Помнится нам, г. Баратынский где-то сказал что-то вроде следующей мысли: положение поэта трудно потому, что в одно и то же время он находится под противоположным влиянием огненной творческой фантазии и обливающего холодом рассудка. Мысль, не скажем несправедливая, но не точная: обливающий холодом рассудок действительно входит в процесс творчества, но когда? – в то время, когда еще поэт вынашивает в себе концепирующееся свое творение, следовательно, прежде, нежели приступить к его изложению, ибо поэт излагает уже готовое произведение.

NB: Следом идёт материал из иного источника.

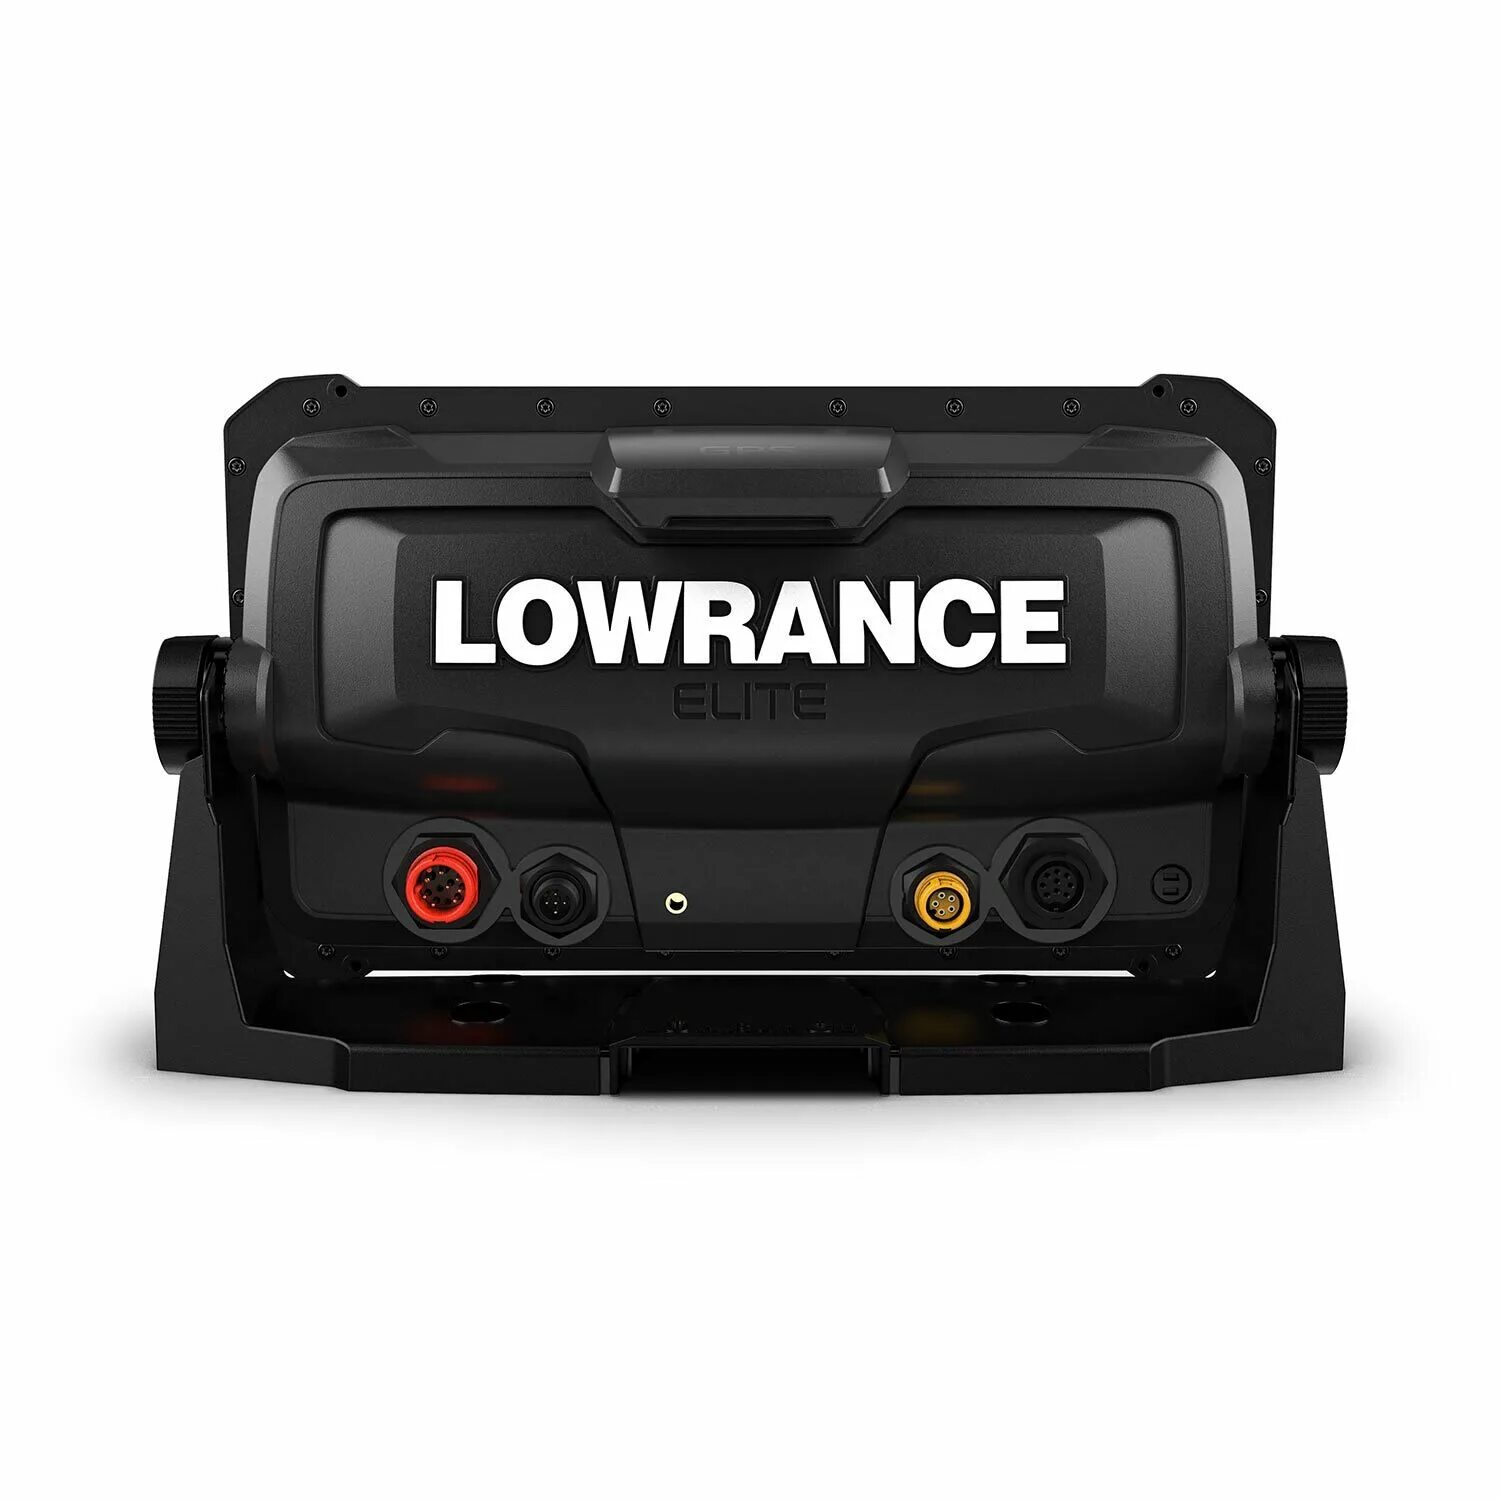 Лоуренс элит 9 fs. Lowrance Elite 7 FS. Lowrance Elite FS 9 С датчиком Active Imaging 3-in-1. Лоуренс эхолот 9 FS. Lowrance Elite FS.

Разумеется, здесь должно предполагать высшие таланты, потому что только низшие сочиняют с пером в руке, еще не зная сами, что сочиняют они, или затрудняются в выражении собственных идей. Истинный поэт тем и велик, что свободно дает образ каждой глубоко прочувствованной им идее, выражает словом постижимое для одного ума и невыразимое для каждого, кто не поэт.
Этот несчастный раздор мысли с чувством, истины с верованием составляет основу поэзии г. Баратынского, и почти все лучшие его стихотворения проникнуты им. В одном из них ему предстает в горькую минуту истина и обещает успокоить путем холодного бесстрастия. Она говорит поэту:
Пускай со мной ты сердца жар погубишь,
Пускай, узнав людей,
Ты, может быть, испуганный, разлюбишь
И ближних и друзей.
Я бытия все прелести разрушу,
Но ум наставлю твой,
Я оболью суровым хладом душу,
Но дам душе покой.
Поэт в трепете отказывается от страшного дара неземной гостьи; но в заключение просит его у ней так:
. . . Когда мое светило
Во звездной вышине
Начнет бледнеть, и все, что сердцу мило,
Забыть придется мне,
Явись тогда! открой мне очи,[12 - Снова не точно процитировано. Надо: «Явись тогда! раскрой тогда мне очи» («Стихотворения», М., 1835, ч. I, стр. 18).]
Мой разум просвети,
Чтоб, жизнь презрев, я мог в обитель ночи
Безропотно сойти.
Так, в другом стихотворении поэт окрыляет надеждами обольщений безумную юность, но, обращаясь к знающим, говорит:
Но вы, судьбину испытавшие,
Тщету надежд, печали власть,
Вы, знанье бытия приявшие
Себе на тягостную часть!
Гоните прочь их рой прельстительный;
Так! доживайте жизнь в тиши,
И берегите хлад спасительный
Своей бездейственной души.
Своим бесчувствием блаженные,
Как трупы мертвых из гробов,
Волхвы, словами пробужденные,
Встают со скрежетом зубов;
Так вы, согрев в душе желания,
Безумно вдавшись в их обман,
Проснетесь только для страдания,
Для боли новой прежних ран.
Большое, отличающееся превосходными стихами стихотворение «Последняя смерть» есть апофеоза всей поэзии г. Баратынского. В нем вполне выразилось его миросозерцание. Поэт представляет в яркой картине кипящий жизнию мир; потом, в другой картине, увядание мира, а в третьей —
Прошли века, и тут моим очам
Открылася ужасная картина:
Ходила смерть по суше, по водам,
Свершалася живущего судьбина.[13 - В «Отечественных записках» по явному недосмотру напечатано: «Свершилася живущая судьбина».]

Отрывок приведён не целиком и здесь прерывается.